Невнимание царя к датской проблеме обидело вице-канцлера, но он все-таки отыскал Плессена среди танцующих, и тот сказал, что в немецких газетах давно пишут, будто Россия заинтересована в обладании городом Килем и его портом.
– Да, – ответил Горчаков, – Бисмарк уже представил нам все выгоды для судоходства от совместного прорытия и обладания Кильским каналом, но вы не увидите русских в своей Ютландии с лопатами, а тем более с ружьями.
– Мы так хорошо жили… – вздохнул посол Дании.
– Нам не нужен Кильский канал, как не было для нас нужды и в Суэцком. Я, наверное, плохой землекоп. Но, кажется, недурной дипломат. Я мечтаю об одном – сохранить в Европе мир, а это мне удается не всегда…
Было еще не ясно, что станет делать Австрия!
* * *
После стыдного провала съезда монархов во Франкфурте-на-Майне граф Рехберг испытывал щемящую тревогу: принизить значение Пруссии не удалось. Венские заправилы понимали, что надо как-то вывернуться из неловкого положения. Едва Бисмарк завел речь о правах Пруссии на Шлезвиг-Голштейн, в Шёнбрунне догадались, что Берлин желает осиять себя ореолом «освободителя» шлезвиг-голштейнских немцев от датского «угнетения».
– Позволь мы это сделать Пруссии без нашего участия, – рассуждал Рехберг, – и Пруссия, одержав легкую победу над Данией, сразу усилит свое влияние в немецком мире. Чтобы не потерять остатки своего авторитета средь немцев Европы, нам следует немедля примкнуть к войне с Данией…

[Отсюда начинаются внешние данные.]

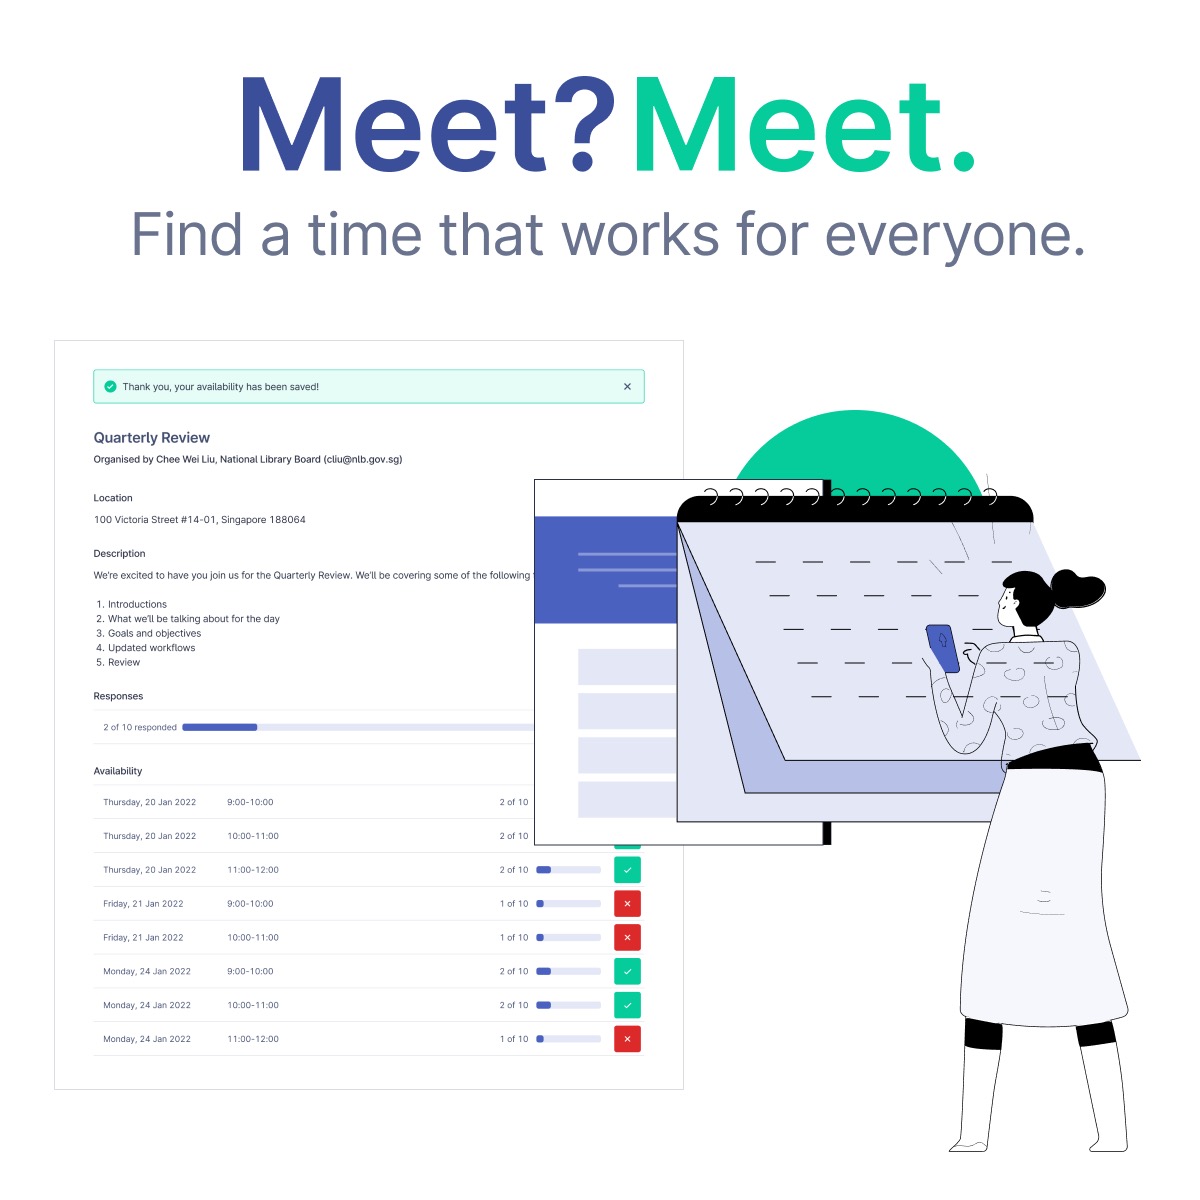 MeetMeet product demo image

Вена прозондировала Берлин, и – к удивлению Рехберга – Бисмарк не стал уклоняться от венских объятий.
– Что ж, встанем в одну шеренгу, – сказал он. – Я только и жду, когда у нас возникнут самые сердечные отношения…
Он открыл ловушку, в которую Австрия и запрыгнула, словно глупая мышь, видевшая только кусок сала, но не заметившая ни железных прутьев, ни хитрых замков. Бисмарк уже начал запутывать австрийскую политику в сложнейших лабиринтах своих виртуозных комбинаций… Вот вам дикий парадокс: Бисмарк шагал к объединению Германии, ведя под ручку ненавистную ему Австрию – злейшую противницу этого объединения!
Европа досматривала приятные сны…
…Совсем уж некстати к Бисмарку снова явилась депутация ткачей – с жалобами на фабрикантов, в расчете на то, что королевская власть поможет им выбраться из непроходимой нужды. На этот раз Бисмарк не стал миндальничать:
– В следующее воскресенье жареного гуся не будет. Пришло время жарить пули и выпекать бомбы. Готовьтесь к войне!
Нечто очень печальное
Прием окончился… Пришлось много говорить, он сбился с голоса, устал. Подойдя к окну, вице-канцлер прижался лицом к стеклу, остужая разгоряченный лоб, и смотрел, как отъезжали кареты с послами. Неожиданно сказал:
– А ведь мог бы получиться неплохой дипломат.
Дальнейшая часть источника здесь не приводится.